* TRY IT
Only the lines from the beginning of the material below through the line with "Sceptre Technologies x32" should be retyped exactly, and pictures are to be skipped.

* INPUT DATA
________________
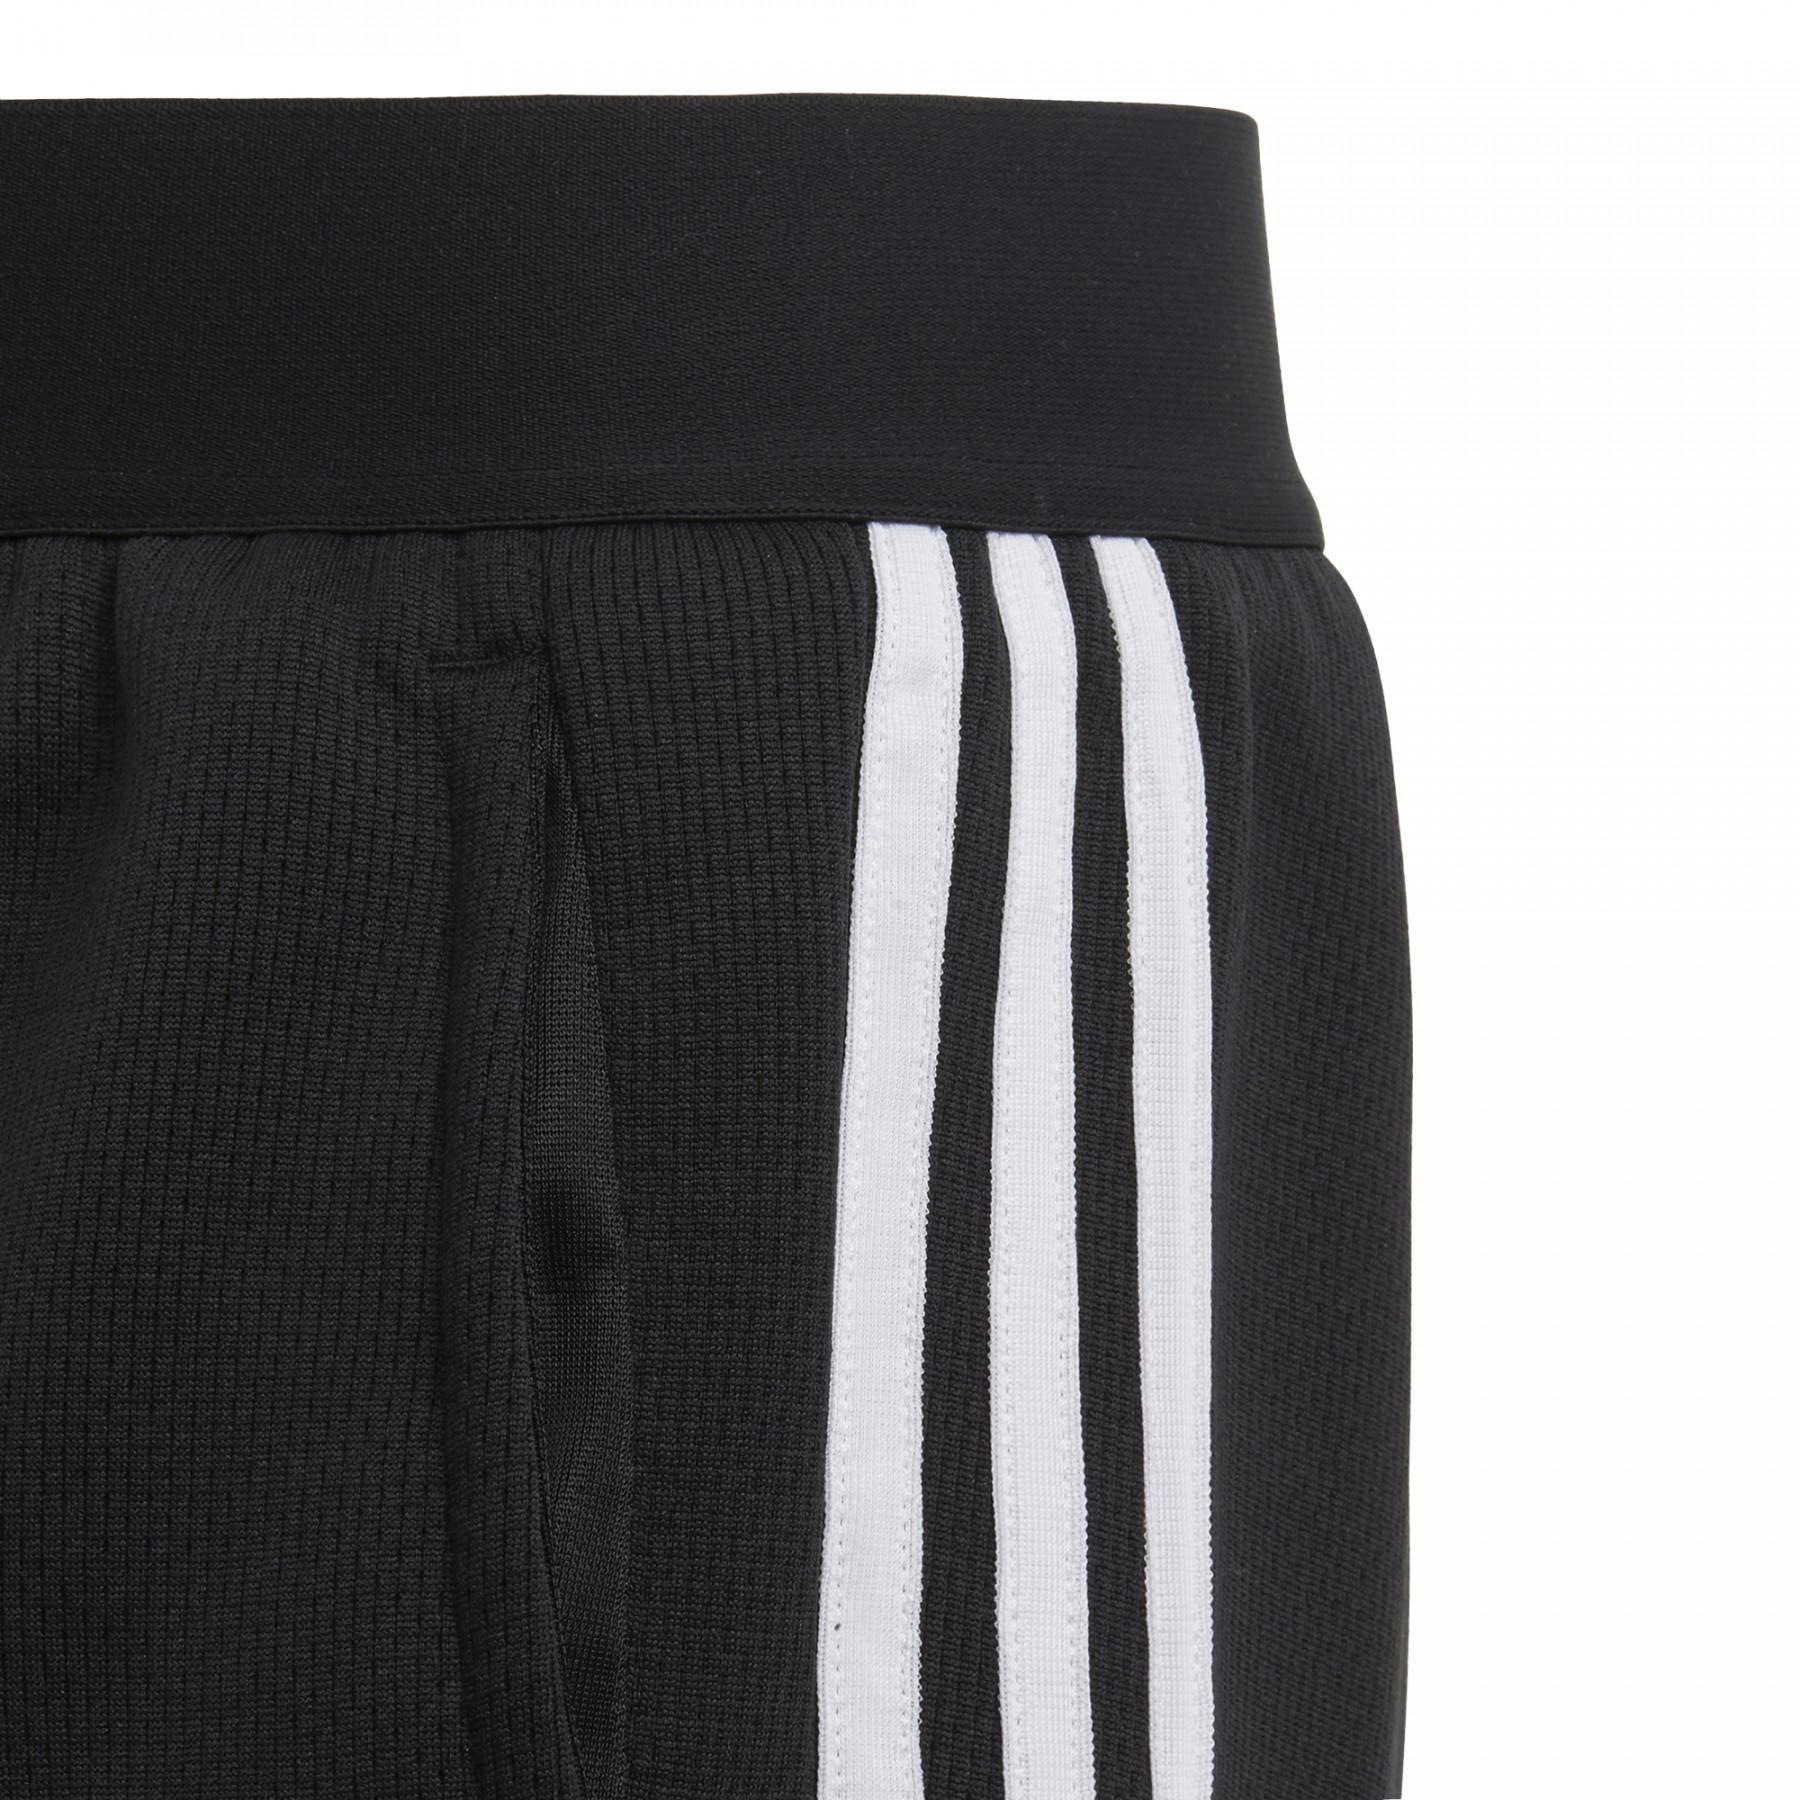 Kinder shorts adidas Preadator 3-Stripes
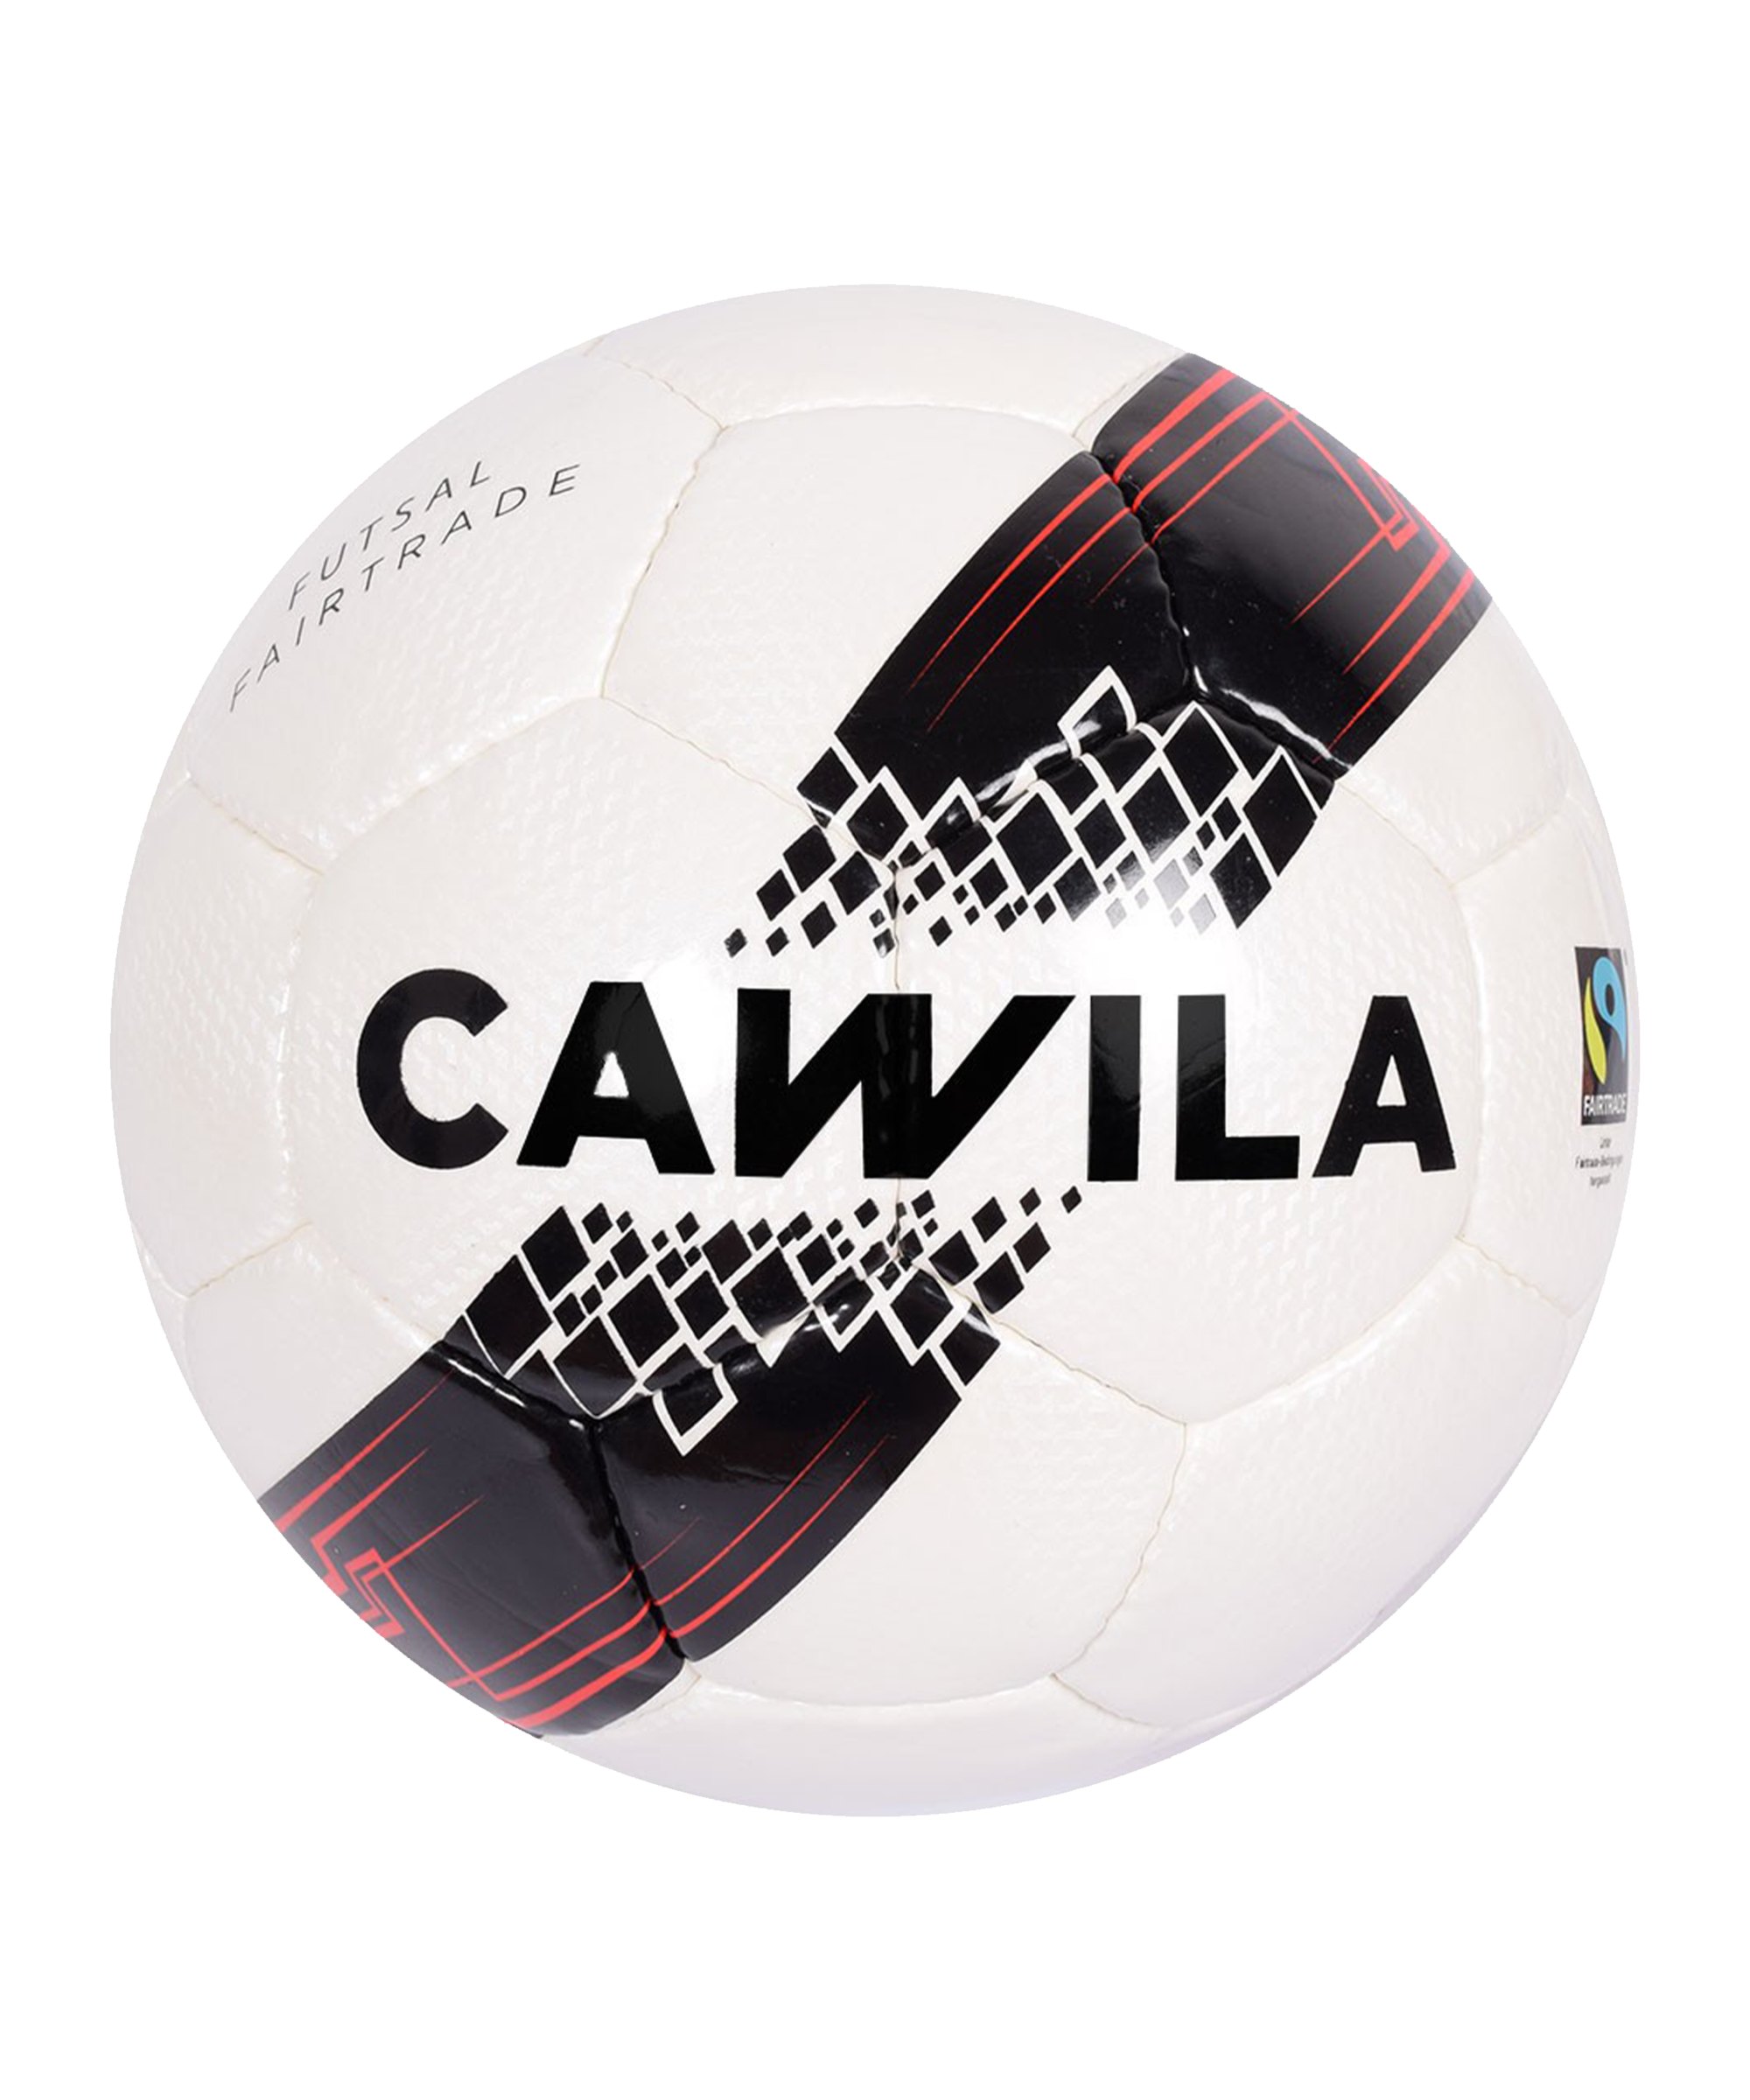 Cawila Futsal Fairtrade Trainingsball 430g Gr. 4 - weiss
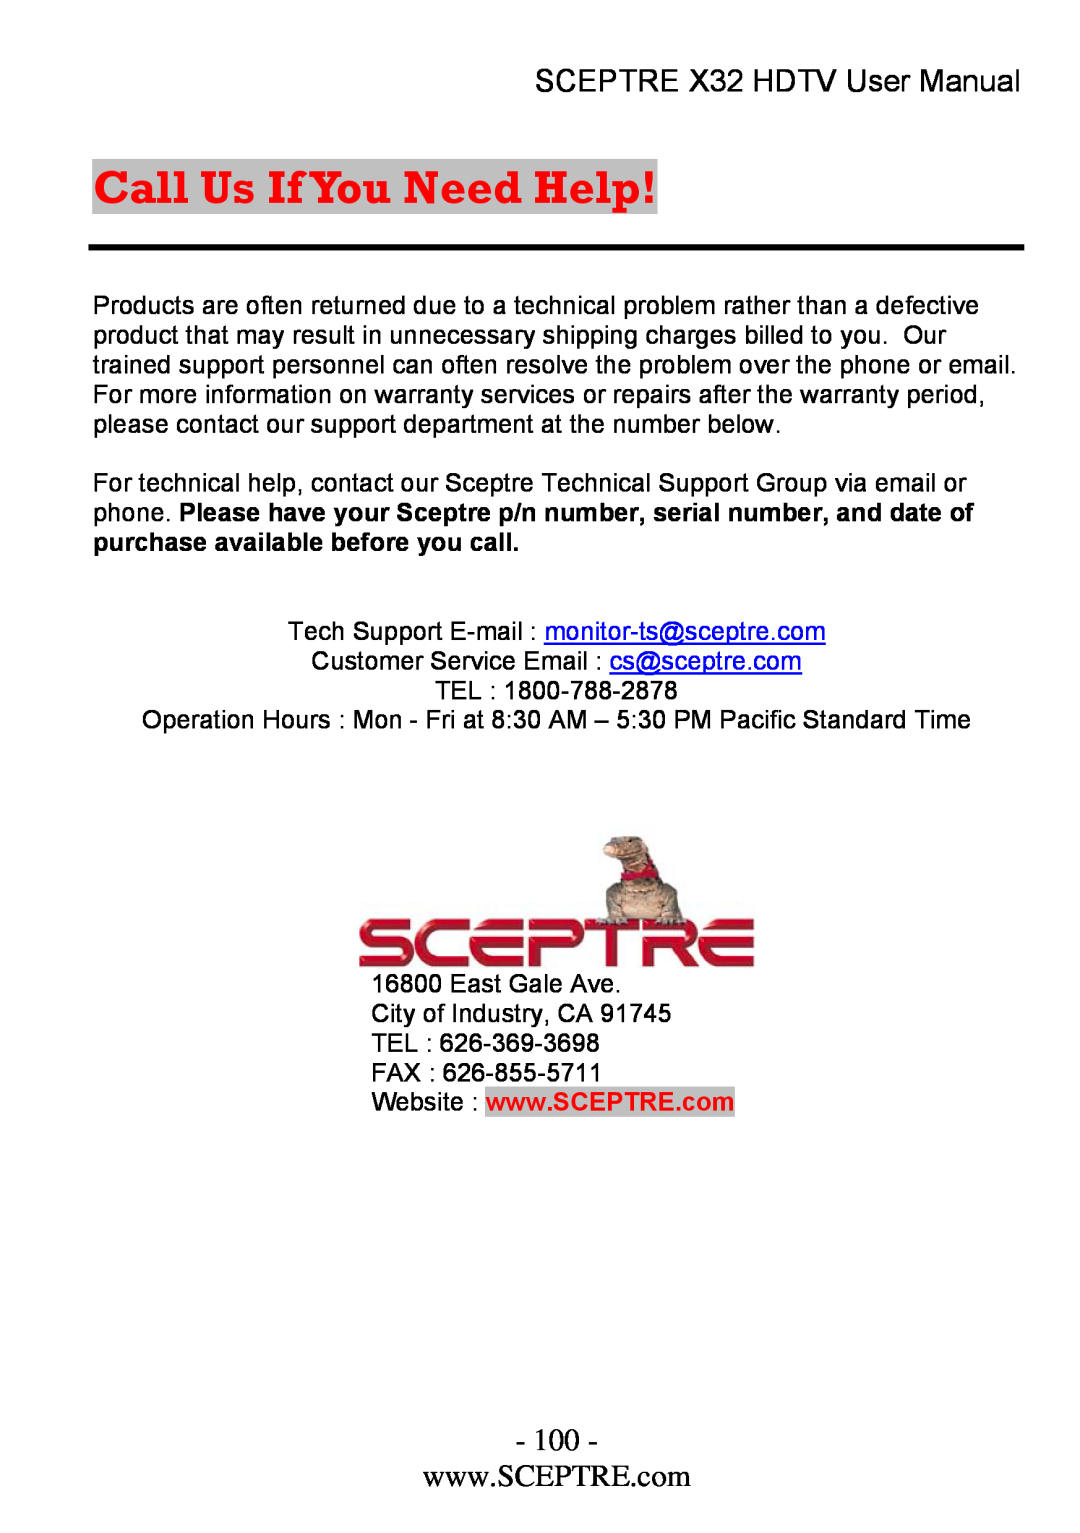 Sceptre Technologies x32 user manual Call Us If You Need Help, SCEPTRE X32 HDTV User Manual 
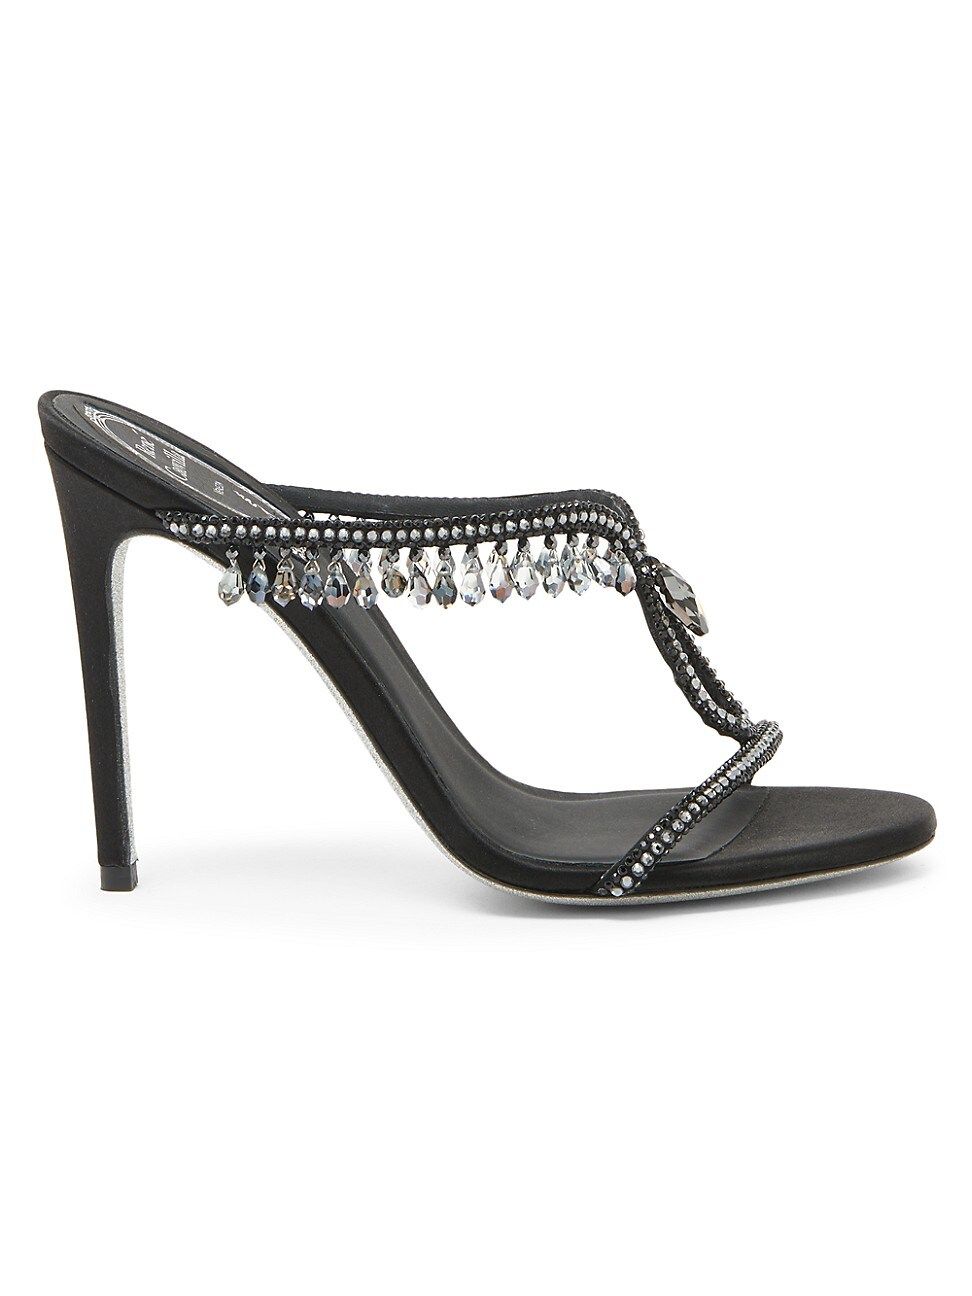 Rene Caovilla Chantal Embellished Satin Sandals | Saks Fifth Avenue
________________
* WRITTEN RESPONSE
 Kinder shorts adidas Preadator 3-Stripes
 Cawila Futsal Fairtrade Trainingsball 430g Gr. 4 - weiss
 Sceptre Technologies x32 user manual Call Us If You Need Help, SCEPTRE X32 HDTV User Manual 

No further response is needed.